3. Run the API directly (Postgres + Redis still needed)¶
4. Demo flow¶
# Sign up → returns access + refresh tokens and the new org id
curl -s localhost:8080/v1/auth/signup -H 'content-type: application/json' -d '{
"email":"ada@example.com","password":"supersecret","display_name":"Ada","org_name":"Acme"
}'
TOKEN=... # access_token from the response
ORG=... # tenant_id from the response
# Create a project, then a task under it
curl -s localhost:8080/v1/orgs/$ORG/projects -H "authorization: Bearer $TOKEN" \
-H 'content-type: application/json' -d '{"name":"Launch"}'
PROJECT=...
curl -s localhost:8080/v1/orgs/$ORG/projects/$PROJECT/tasks -H "authorization: Bearer $TOKEN" \
-H 'content-type: application/json' -d '{"title":"Write the README","priority":2}'
Test¶
make test # go test -race -cover ./... (service + platform unit tests)

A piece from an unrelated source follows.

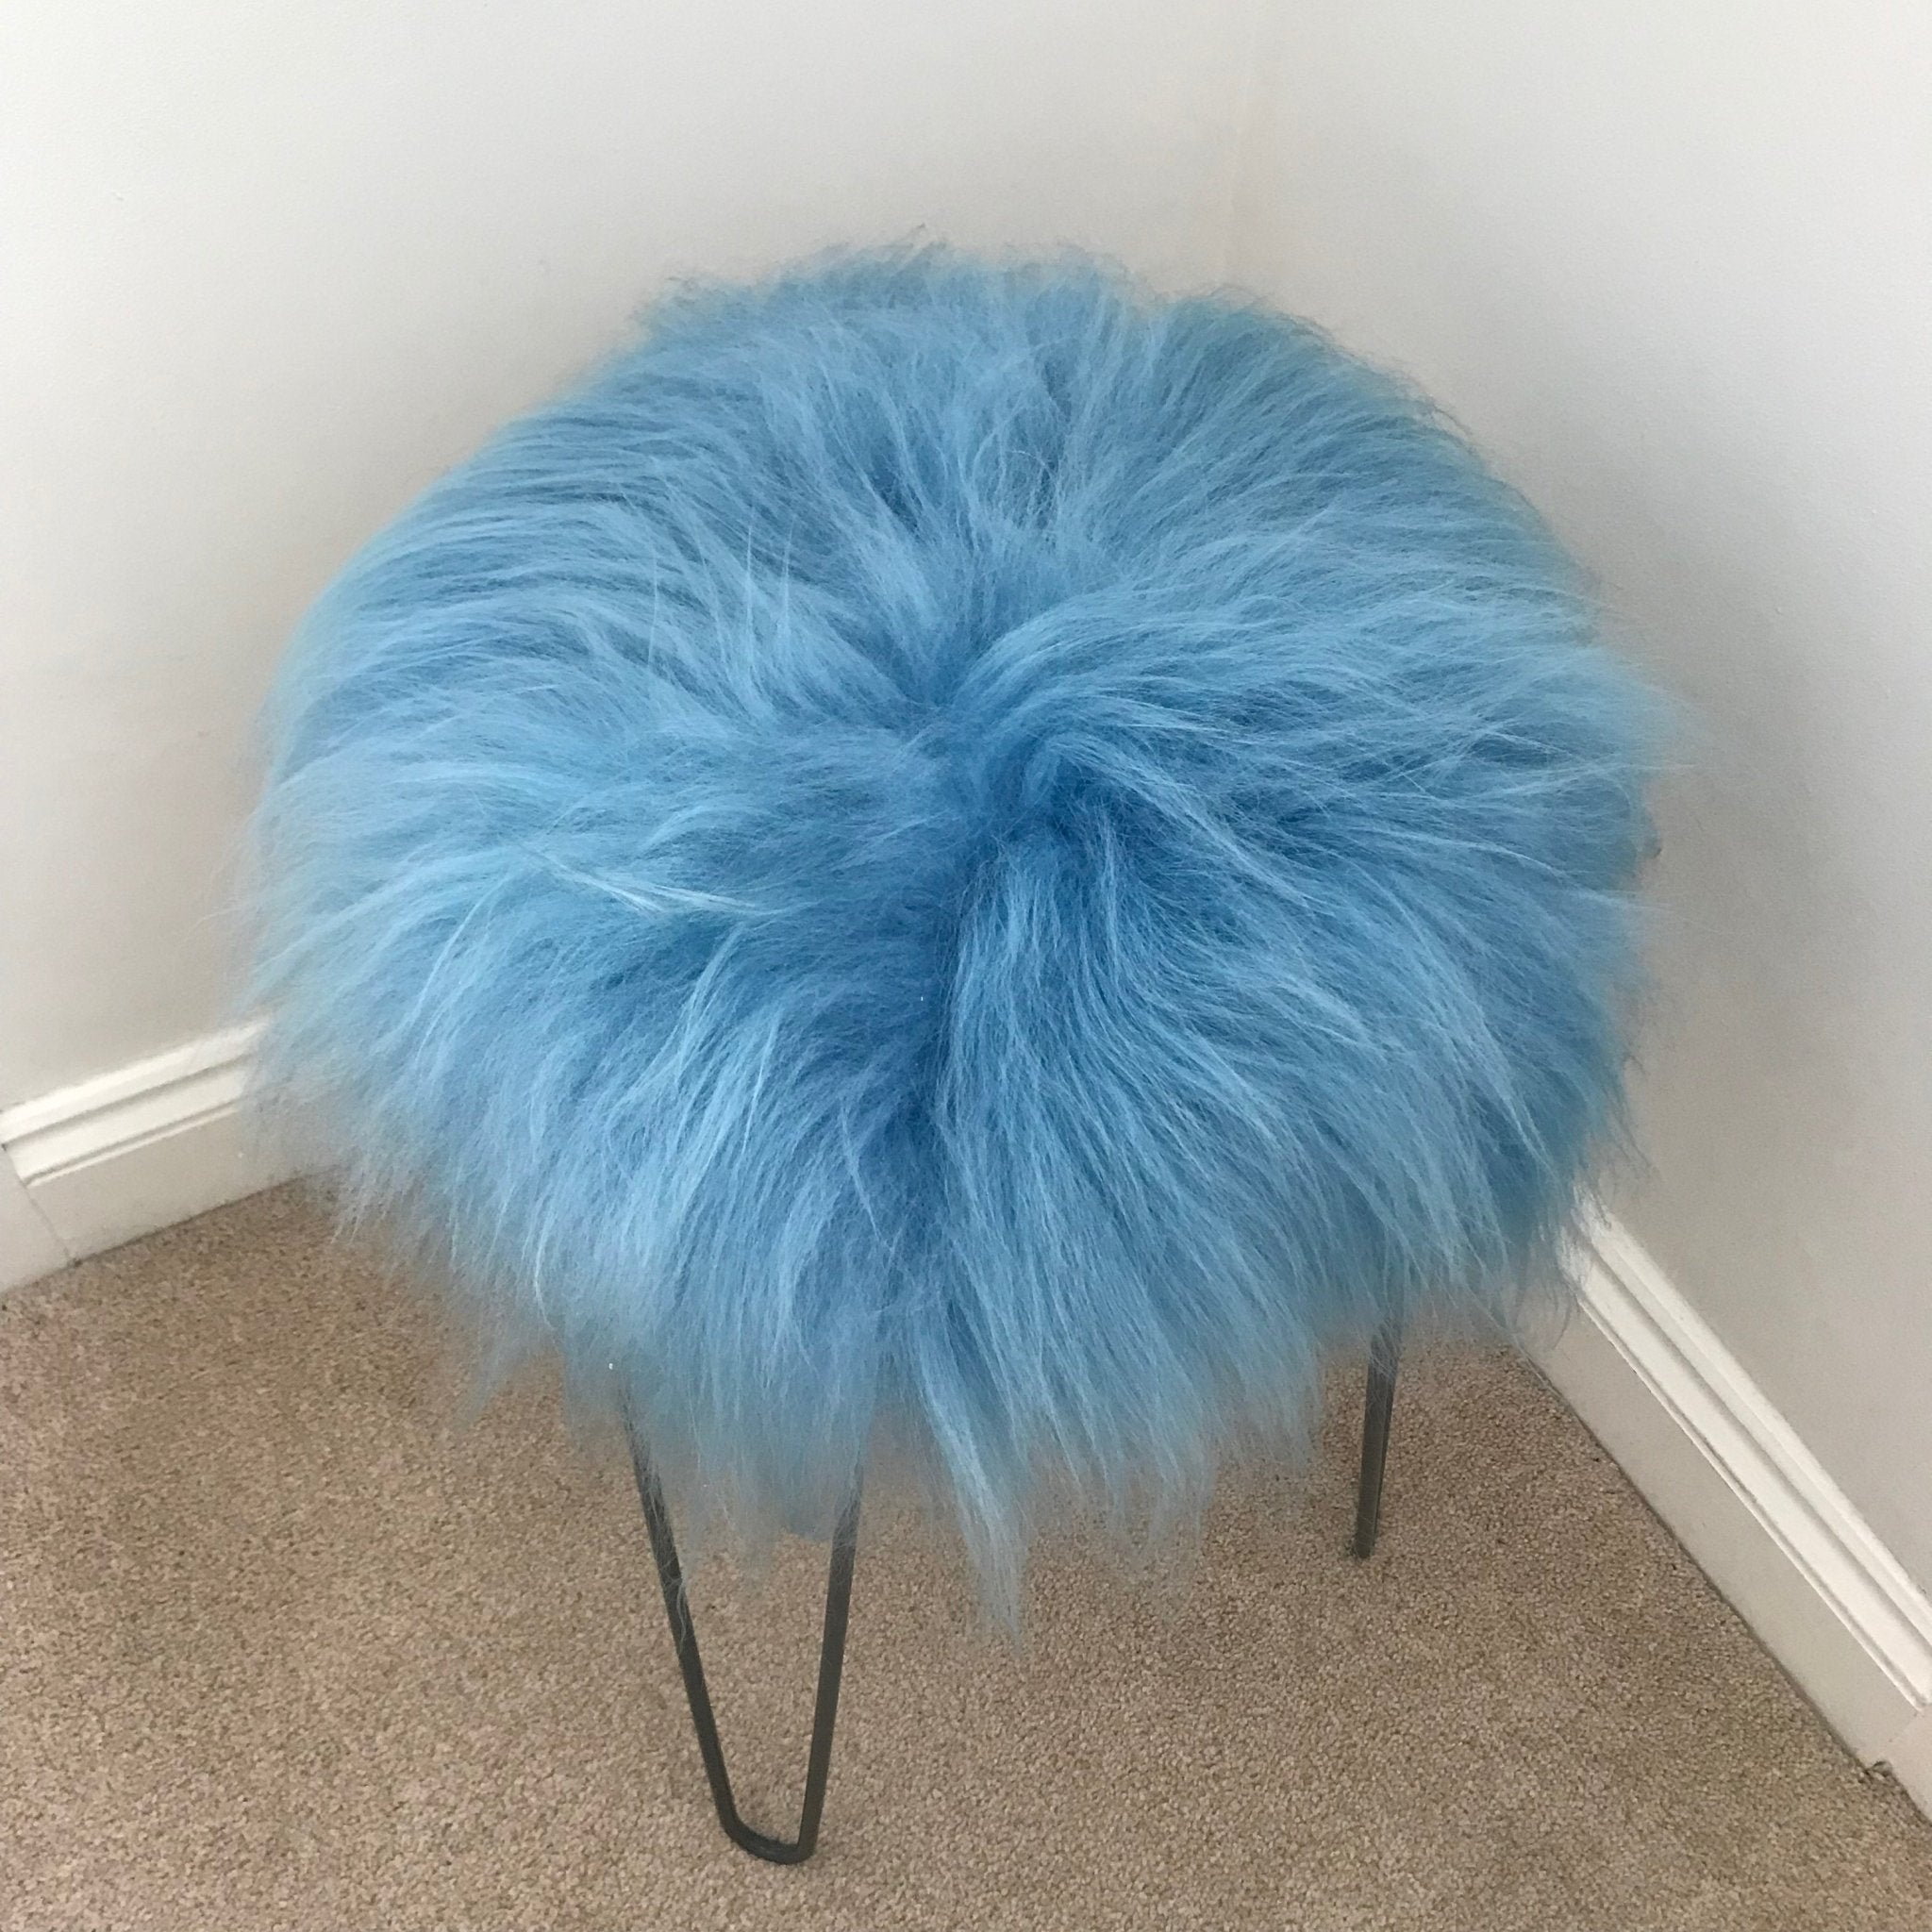 Icelandic Sheepskin Roundie Seat Cover Duck Egg Blue Long 35cm - Wildash London

make cover # HTML coverage report for ./internal/...
API¶
Base path /v1. The active org is the JWT org_id claim; org-scoped paths also
carry {org_id}, which must equal the claim or the request is 403.
Full contract in api/openapi.yaml.
| Method & Path | Description | Min role |
|---|---|---|
POST /v1/auth/signup |
Create user + first org (creator = owner) | public |
POST /v1/auth/login |
Verify password, issue access + refresh | public |
POST /v1/auth/refresh |
Rotate refresh token, new access token | valid refresh |
POST /v1/auth/logout |
Revoke active refresh token | member |
GET /v1/orgs |
List my organizations | member |
POST /v1/orgs |
Create a new organization | member |
GET /v1/orgs/{org_id} |
Get organization | member |
PATCH /v1/orgs/{org_id} |
Update organization | admin |
DELETE /v1/orgs/{org_id} |
Soft-delete organization | owner |
GET /v1/orgs/{org_id}/members |
List members | member |
PATCH /v1/orgs/{org_id}/members/{user_id} |
Change member role | admin |
DELETE /v1/orgs/{org_id}/members/{user_id} |
Remove member | admin |
GET /v1/orgs/{org_id}/projects |
List projects (paged/filtered) | member |
POST /v1/orgs/{org_id}/projects |
Create project | member |
GET/PATCH/DELETE …/projects/{project_id} |
Read / update / archive | member / admin / admin |
GET …/projects/{project_id}/tasks |
List tasks (filter status/assignee) | member |
POST …/projects/{project_id}/tasks |
Create task | member |
GET/PATCH/DELETE …/tasks/{task_id} |
Read / update / delete | member (delete: own only) |
Every non-2xx response shares one envelope:
code ∈ unauthenticated · forbidden · not_found · validation_failed ·
conflict · rate_limited · internal.
Project Layout¶
07-capstone-saas-backend/
├── cmd/api/ # composition root: wiring + graceful shutdown
├── internal/
│ ├── domain/ # entities, RBAC, errors, and PORT interfaces (no I/O)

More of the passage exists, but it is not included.